(Items from a data source)
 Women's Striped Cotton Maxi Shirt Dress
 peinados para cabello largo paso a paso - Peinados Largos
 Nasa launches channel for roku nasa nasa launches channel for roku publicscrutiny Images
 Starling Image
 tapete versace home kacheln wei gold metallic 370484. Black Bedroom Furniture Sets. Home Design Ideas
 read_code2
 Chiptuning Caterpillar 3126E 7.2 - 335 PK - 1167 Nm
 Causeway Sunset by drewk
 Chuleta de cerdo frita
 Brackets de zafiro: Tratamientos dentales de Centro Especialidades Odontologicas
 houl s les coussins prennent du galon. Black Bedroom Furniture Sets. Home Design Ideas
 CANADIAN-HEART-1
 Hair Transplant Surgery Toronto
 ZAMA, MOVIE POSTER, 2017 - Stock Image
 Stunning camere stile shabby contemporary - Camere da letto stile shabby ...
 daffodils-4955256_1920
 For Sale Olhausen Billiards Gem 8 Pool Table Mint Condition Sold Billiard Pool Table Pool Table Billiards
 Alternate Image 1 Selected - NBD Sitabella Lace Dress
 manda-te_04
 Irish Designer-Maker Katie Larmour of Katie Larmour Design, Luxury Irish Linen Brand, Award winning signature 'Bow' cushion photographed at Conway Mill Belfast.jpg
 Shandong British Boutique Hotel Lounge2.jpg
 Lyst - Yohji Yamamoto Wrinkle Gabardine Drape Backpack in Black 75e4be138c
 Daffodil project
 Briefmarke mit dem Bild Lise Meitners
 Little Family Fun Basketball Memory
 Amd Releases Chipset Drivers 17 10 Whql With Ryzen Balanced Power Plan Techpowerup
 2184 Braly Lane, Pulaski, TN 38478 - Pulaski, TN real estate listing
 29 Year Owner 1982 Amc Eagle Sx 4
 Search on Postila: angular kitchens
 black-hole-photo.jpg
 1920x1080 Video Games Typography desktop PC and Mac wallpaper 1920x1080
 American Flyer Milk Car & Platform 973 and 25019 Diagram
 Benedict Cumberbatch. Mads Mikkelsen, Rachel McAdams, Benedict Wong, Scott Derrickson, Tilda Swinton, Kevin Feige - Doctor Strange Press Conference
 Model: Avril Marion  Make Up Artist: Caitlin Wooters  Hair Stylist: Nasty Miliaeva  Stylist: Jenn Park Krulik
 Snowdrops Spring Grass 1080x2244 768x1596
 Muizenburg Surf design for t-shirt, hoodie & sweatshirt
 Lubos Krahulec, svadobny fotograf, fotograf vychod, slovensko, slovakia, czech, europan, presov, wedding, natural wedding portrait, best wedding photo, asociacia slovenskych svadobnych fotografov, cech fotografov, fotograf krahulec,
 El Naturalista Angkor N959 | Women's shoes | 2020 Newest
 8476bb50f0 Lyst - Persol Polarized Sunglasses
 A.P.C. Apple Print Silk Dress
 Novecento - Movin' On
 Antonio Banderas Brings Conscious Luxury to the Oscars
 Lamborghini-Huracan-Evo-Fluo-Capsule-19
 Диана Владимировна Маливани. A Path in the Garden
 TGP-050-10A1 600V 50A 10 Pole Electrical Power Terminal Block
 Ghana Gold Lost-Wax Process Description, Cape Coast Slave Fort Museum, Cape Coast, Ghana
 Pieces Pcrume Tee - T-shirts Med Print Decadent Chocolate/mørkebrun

▶ WHAT TO PRODUCE
Print the lines above from the one with "houl s les coussins" through the one with "manda-te_04", both included, exactly as written and nothing more.

▶ COMPLETED TASK
 houl s les coussins prennent du galon. Black Bedroom Furniture Sets. Home Design Ideas
 CANADIAN-HEART-1
 Hair Transplant Surgery Toronto
 ZAMA, MOVIE POSTER, 2017 - Stock Image
 Stunning camere stile shabby contemporary - Camere da letto stile shabby ...
 daffodils-4955256_1920
 For Sale Olhausen Billiards Gem 8 Pool Table Mint Condition Sold Billiard Pool Table Pool Table Billiards
 Alternate Image 1 Selected - NBD Sitabella Lace Dress
 manda-te_04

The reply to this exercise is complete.